Managing course feedback with Evernote (and Feedly) without a centralized blogging tool

This might be common knowledge for some of you, but I just stumbled across it so I wanted to share. I have written a few times before on how I am having students blog (via any blogging tool of their choice) and use Audioboo to increase participation outside the class (considering my university doesn’t have a centralized LMS that supports anything more than posted information). I then stream the collected RSS into Feedly, and then use IFTTT to make spreadsheets of who I am giving feedback to and when (to make sure I am giving everyone feedback). These tools have made the courses manageable this semester; otherwise, I suspect I would be drowning in grading. If they disappear in the near future as I suspect at least some of them will, I will find others. I am resourceful.

However, I needed a tool that would allow me to easily give feedback on and grade submissions provided through Audioboo and blogs without posting that feedback to the sites themselves (and making this feedback public, which however in love I am with open learning, that is a step too far). I wanted to avoid copying entire submissions from blogs into documents, marking them up, and emailing them to students. I found something that approximates that process without becoming as onerous. Evernote allows me to do all of that and truth be told, it is a bit of an ideal tool for a teacher.
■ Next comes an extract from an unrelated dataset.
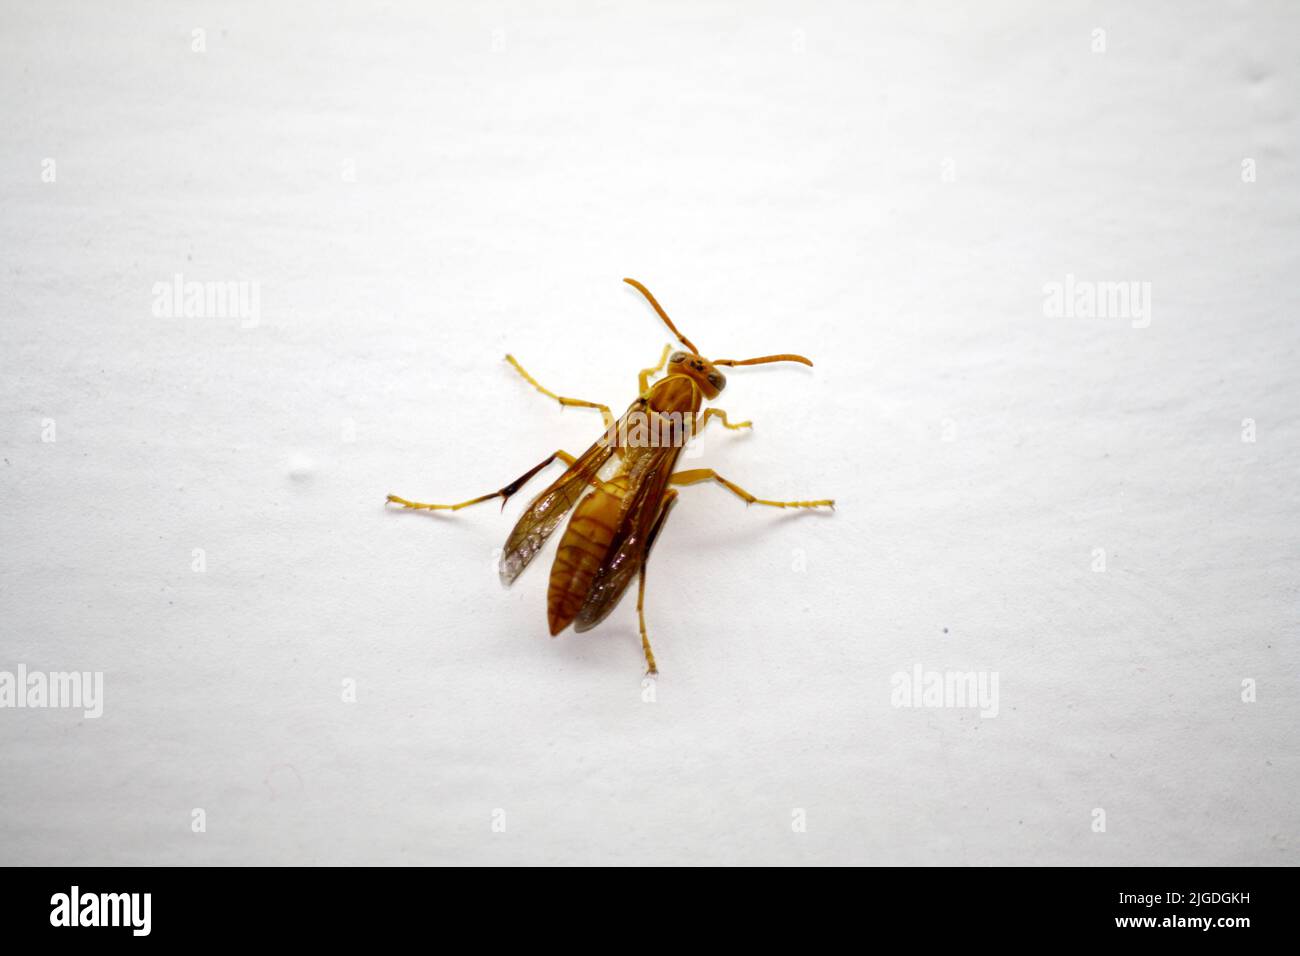 An Indian Yellow Paper Wasp (Polistes olivaceus) on a window pane : (pix SShukla) Stock Photo

Let me demonstrate my process.

  1. Submission is posted to Audioboo or their blog
  2. RSS streams into Feedly (into folders for each class)
  3. I sync my Evernote with Feedly and save post to folder for the class in Evernote
  4. From Evernote I can mark it up any number of ways
  5. I email the marked up note to the student as feedback

The mark up options on Evernote are quite good. I can mark it up as text, annotate an image (important as I have my students do a lot with cohesion in their use of imagery or multimedia), or even record an audio note within the body of the text. It provides capacity for quite a range of activity and I find it actually encouraging to provide more and more feedback (by providing me with different channels (audio, text, etc.) to do so). So I believe this will be my toolkit going into next semester.

Course Toolkit

Another advantage is that all of these tools have their accompanying mobile application which allows me to provide feedback from my mobile device and have it all managed automatically. Most of my students do their submissions strictly through their mobile apps (they are excellent texters; why wouldn’t I take advantage of that?). I see this all as a good automated workflow for those without a centralized LMS to manage all this disparate activity.